I've seen good products fail because the PM optimized the product in isolation — great UX, solid metrics, clean roadmap — but didn't model how the product would interact with the broader system it existed in.
Systems thinking is the practice of understanding how components of a complex system interact over time. For PMs, that means seeing beyond the feature and understanding the incentives, feedback loops, and constraints that shape how users, customers, and the business actually behave.

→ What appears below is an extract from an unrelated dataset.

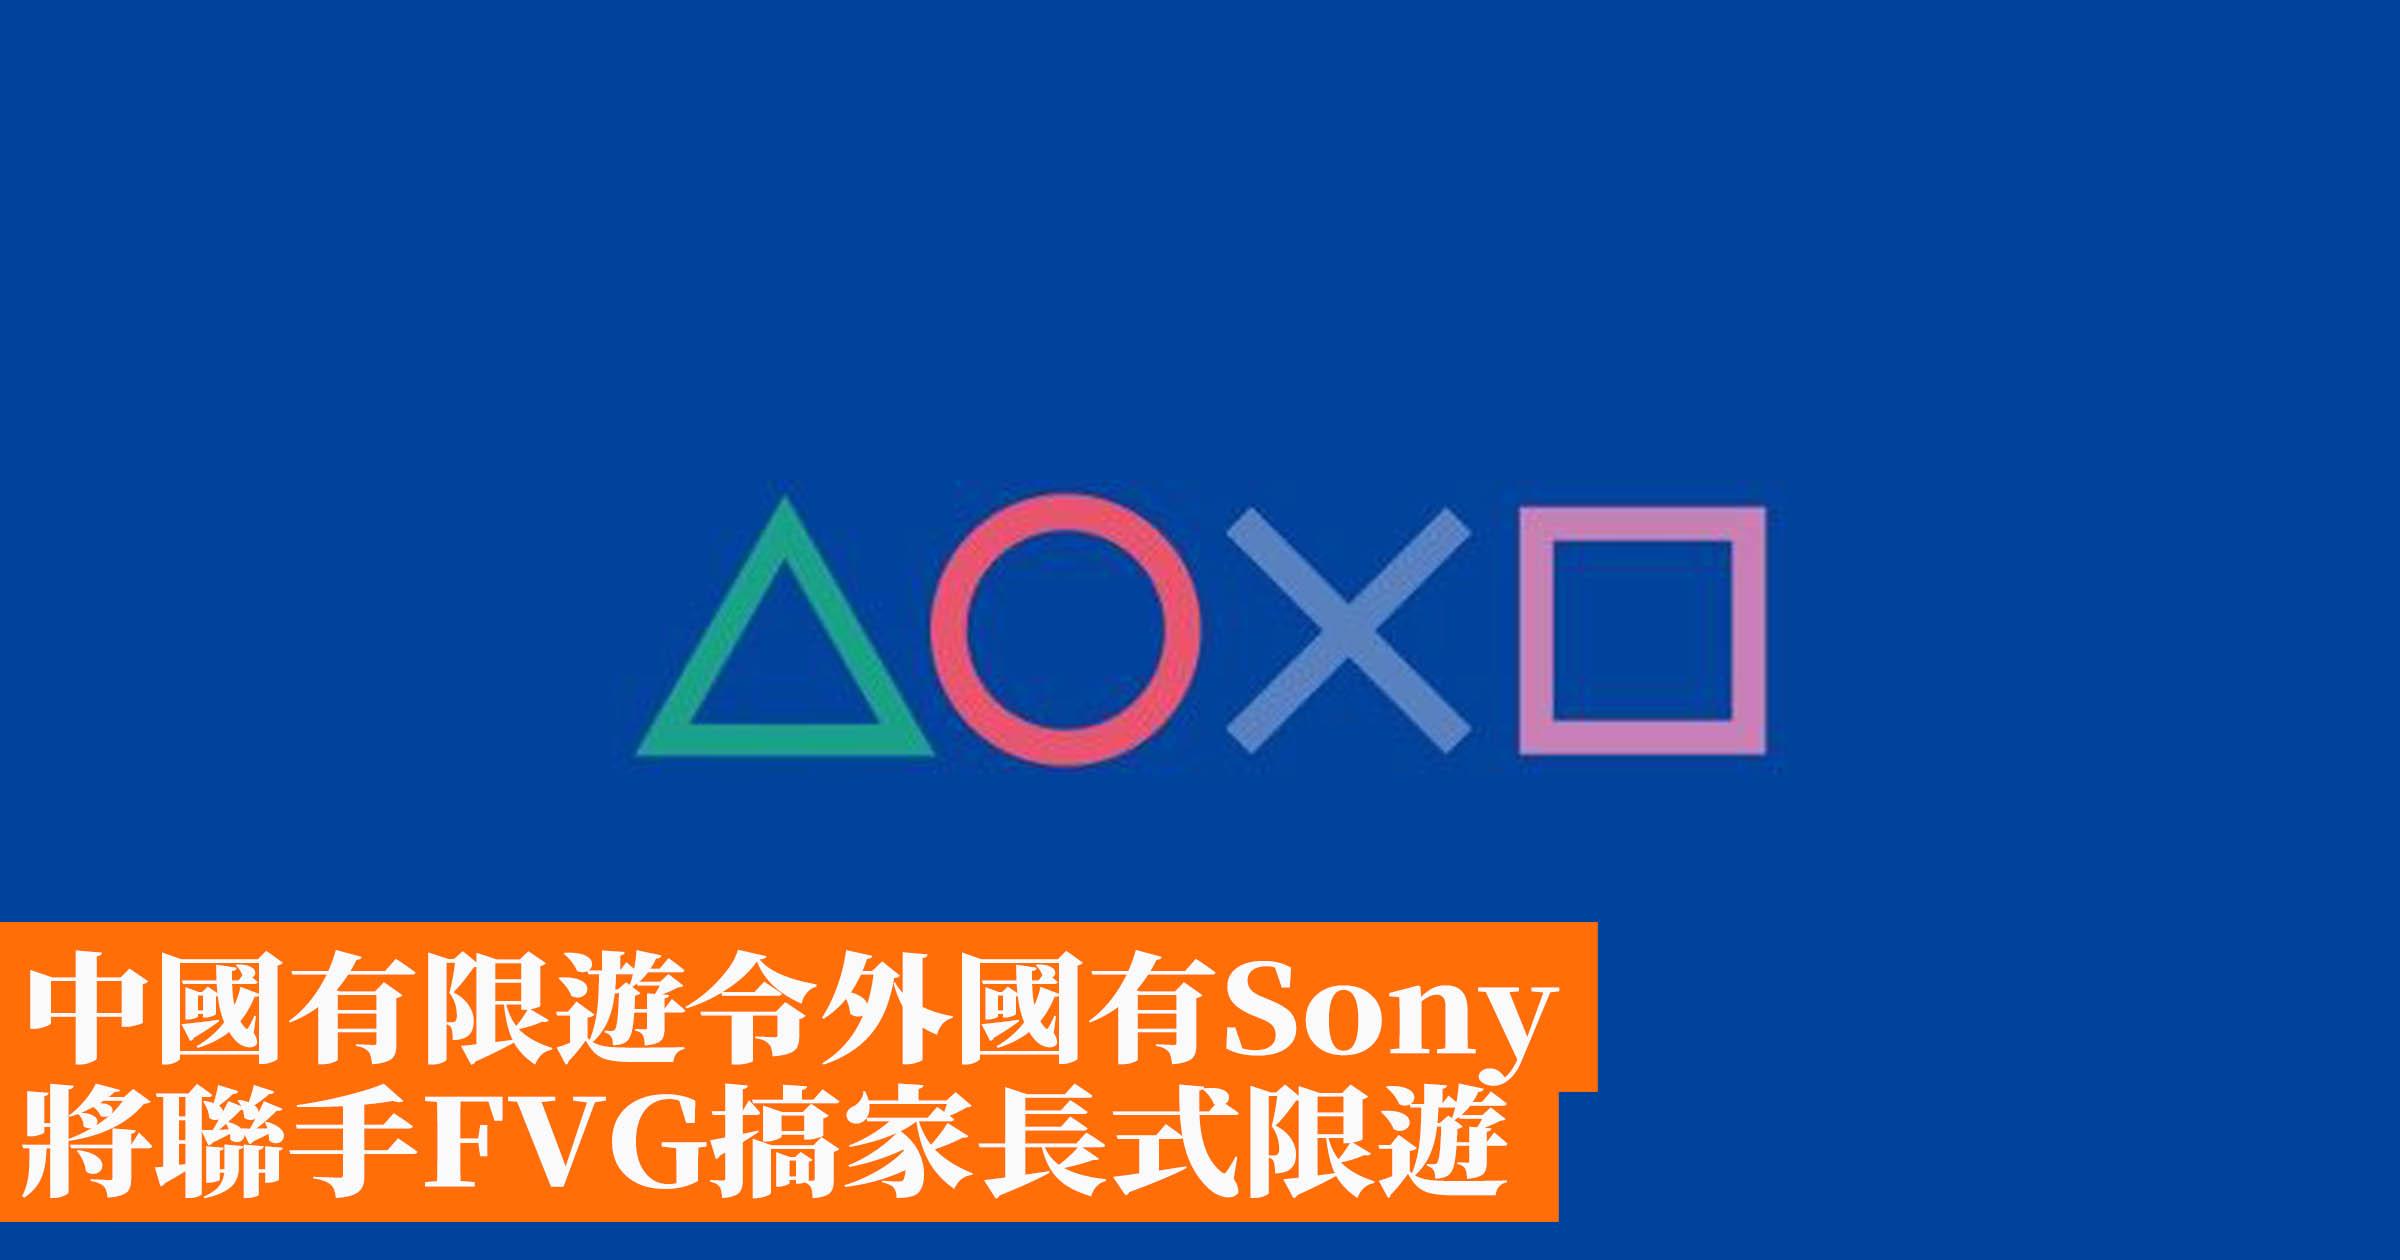 [閒聊] Sony將聯手FVG搞家長式限遊

Here's an example from enterprise SaaS: early in the AvaSense build, we designed a workflow automation feature that significantly reduced the time supplier managers spent on manual compliance checks. Adoption was strong. But when we looked at the downstream data, something was off — the accounts with the highest automation usage had lower renewal intent scores. The automation had removed the friction that previously prompted regular collaboration between supplier managers and their vendors. We had optimized the wrong metric.
This isn't a failure of execution. It's a failure of system modeling.
The skills that help: causal loop diagrams, stock-and-flow thinking, identifying feedback loops, and — most practically — asking "what happens when this scales?" and "whose behavior changes as a result of this change?"
I've come to treat this as a forcing function: before I write a PRD, I draw the system. Not the feature — the whole system the feature lives in. The users, their incentives, the adjacent processes, and the second-order effects. Most bad product decisions look obvious in hindsight. System modeling makes them visible before you ship.